O Dr. Antunes Ferreira, uma pessoa aberta e dialogante (ficamos amigos desde essa altura) e até,depois mais adiante, fizemos uma mercancia: troca de "cebolas", do meu lavrado e da parte do Dr. Antunes Ferreira, bacalhau da sua seca.
Bem é que eu na Tailândia sou sempre um pobre do fiel amigo...
Como não há comunidade portuguesa...não há bacalhau!
O Ministro Sousa Franco era uma personalidade que cativava as pessoas ao primeiro contacto. Dentro dele e na minha análise não estava perante mim um Ministro ou o proeminente Prof. Universitário que o era, mas sim um HOMEM onde não se notava, aquelas vaidades de ministro a que me habituei a conhecer em Banguecoque durante a minha longa vivência nesta cidade.
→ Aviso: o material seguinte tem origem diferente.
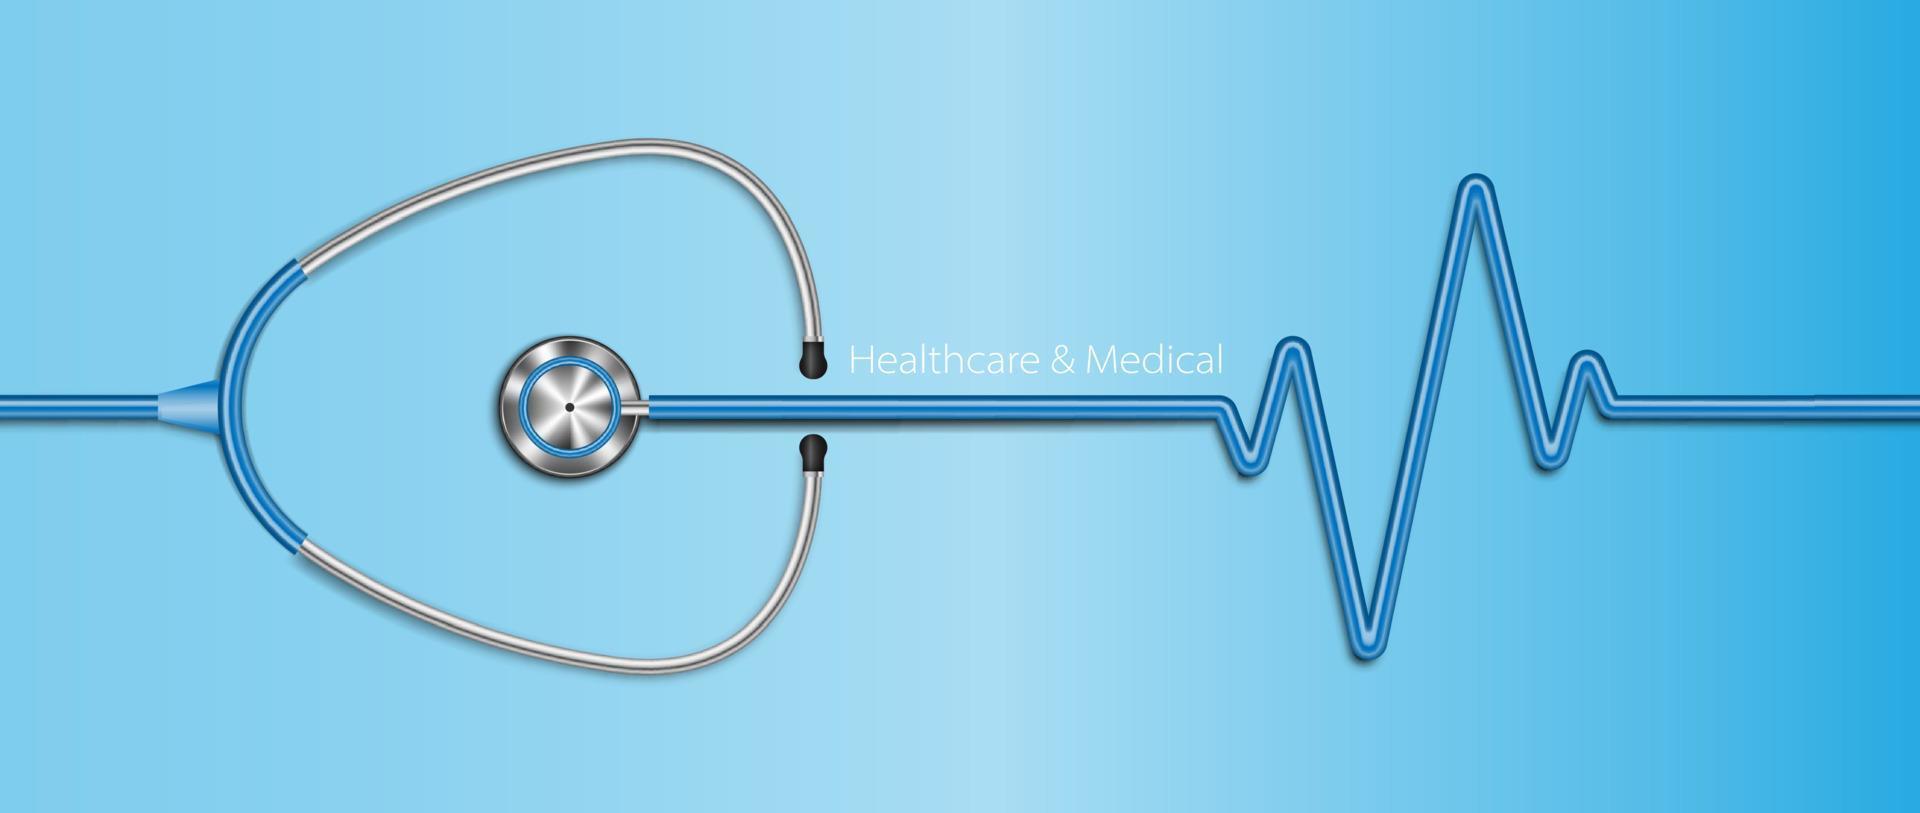 sfondo sanitario realistico dello stetoscopio, concetto di assistenza sanitaria, illustrazione vettoriale

Estou a ver o Prof. Sousa Franco a rir-se e correrem-lhe duas lágrimas pela face, quando eu (mau contador de história)no decorrer de um almoço no Hotel Sokuthai, contei uma história, real, a da "sopa fria", episódio que aconteceu durante num jantar oferecido pelo Emb. Mesquita de Brito a determinadas indivualidades, portuguesas, onde eu estive sentado.
Ficamos amigos, porque o Prof. Sousa Franco era uma pessoa sem vaidades pessoais e fê-la comigo quando eu não era mais nem menos que um "manga de alpaca" e um mero representante do ICEP.
A Drª Matilde era, como o marido, uma senhora que cativava. Acompanhei-a às compras e pensava eu que iria comprar cortes e mais cortes de seda tailandesa,malas e outras bugigangas, como já tinha visto a outras esposas de ministros...
Enganei-me!
Comprou umas pequenas lembranças e.... Analisem,analisem "regateava" preços de tudo que comprava.
Uma grande senhora.
Minha filha Maria no ano seguinte foi passar férias a Portugal, telefonei à Drª. Matilde para fazer o favor de esperar a minha filha à saida do avião no aeroporto e entregá-la aos meus familiares que a esperavam na gare.
Junto à bagagem de minha filha seguiram raises de flor de lótus do meu jardim.
Os lótus são eternos e espero que se tenham aclimatado no jardim da casa do Prof. Sousa Franco.
Foi terrivel para mim quando vi o Prof. Sousa Franco,através da RTPi, em Matosinhos, entre uma multidão de gente já completamente desfalecido.
Futurei o pior e foi isso. O Prof. Sousa Franco e meu amigo faleceria pouco depois.
Paz à Sua Alma.
Os homens morrem, fisicamente, mas as acções dos bons HOMENS são eternas!